ネガティブな感情でも、歌にしてしまえば光が見えてくるのです。
このことはアニメ中のセリフでも語られています。
これって、まさに「影遊び」だとは思いませんか?
青空を待ってるの1番では、自身の抱えた影を思いっきりぶつけています。
「大嫌いだよ」「もう嫌いだよ」と、歌に乗せて心から零れてしまいそうな悲痛な感情を解き放っています。その想いを空へと放ったことで、かのんは気づきを得たのではないでしょうか。

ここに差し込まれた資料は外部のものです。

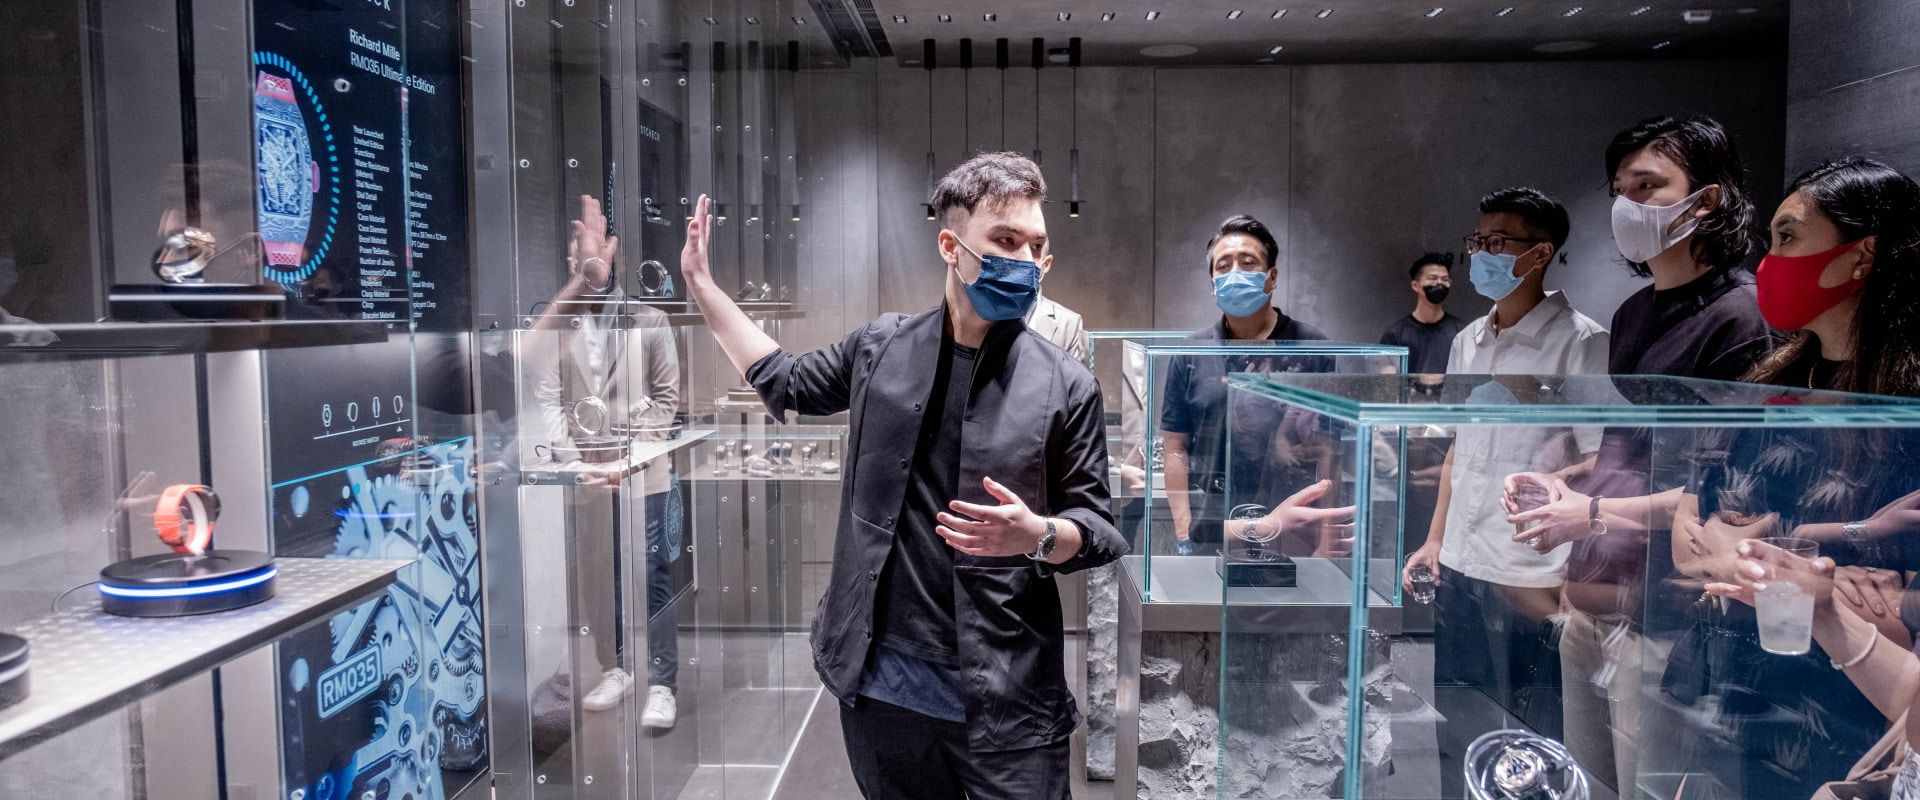 Wristcheck Experience Hongkong - Garamantis entwickelt interaktives Schaufenster

苦悩を、焦燥を、ありったけの感情を、影を載せた歌だからこそ、自身の「本当の気持ち」に気づけたのではないでしょうか。
欠けた月であるが故の美しさ
苦悩する芸術家の作品が、儚く散った恋の歌が、過去の自分から決別しようとするかのんの歌が心を打つように、影があるからこその美しい煌めきがあるのではないでしょうか。不完全だからこそ、心に響くものがあるのではないでしょうか。

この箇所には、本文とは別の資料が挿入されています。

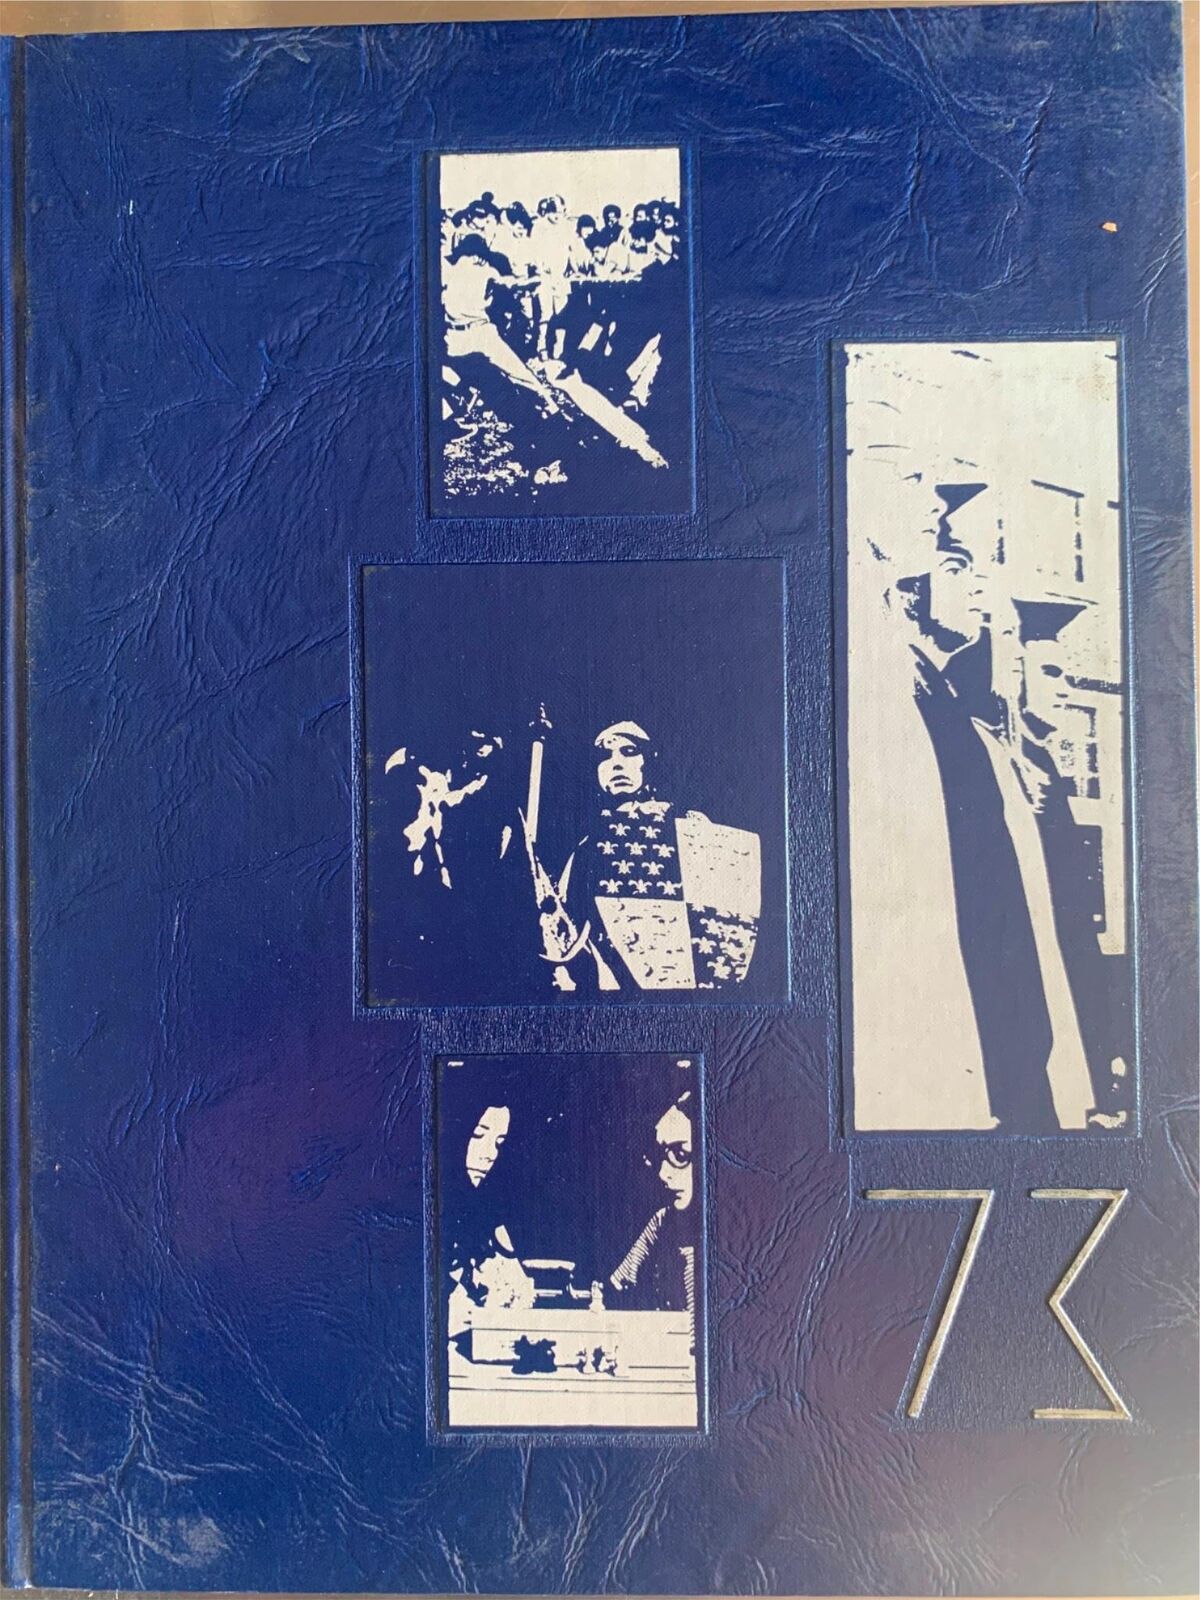 YEARBOOK 1973 Vol. 4   Sussex Central High School   Georgetown DE

かのんのソロ曲を例にあげて話を進めてきましたが、他の2人にも当てはまるのではないかと思います。
すみれは主役に選ばれず端役ばかりに抜擢されていた経験から、自信を無くしていました。
メイは友達グループ内でのいざこざに辟易して、そのグループから一人抜け出すことを選びました。
そんな暗い迷い道のなか、手を引かれた先で一筋の光を見つけました。
ずっと影の世界の中であれば、「影遊び」なんて想像だにしなかったでしょう。
影を抱え、それを乗り越えてきた。
そんな経験をもつ三人だからこその共振する感覚、共鳴する渇望なのではないでしょうか。
物憂げに眺める静けさの奥に、ふつふつと沸き上がる情熱や焦燥が秘められてるように思います。
満月にはすこし足りない。未熟で、つたなくて、不器用で。
ミロのヴィーナスのような、欠けてるからこその美しさを感じます。
いや、欠けているからではなくて、それが故にじたばたと足掻こうとしているその渇望が、静けさの中にゆらゆらと燃えて交わる魂が、どうしようもなく美しくて、愛おしく感じるのです。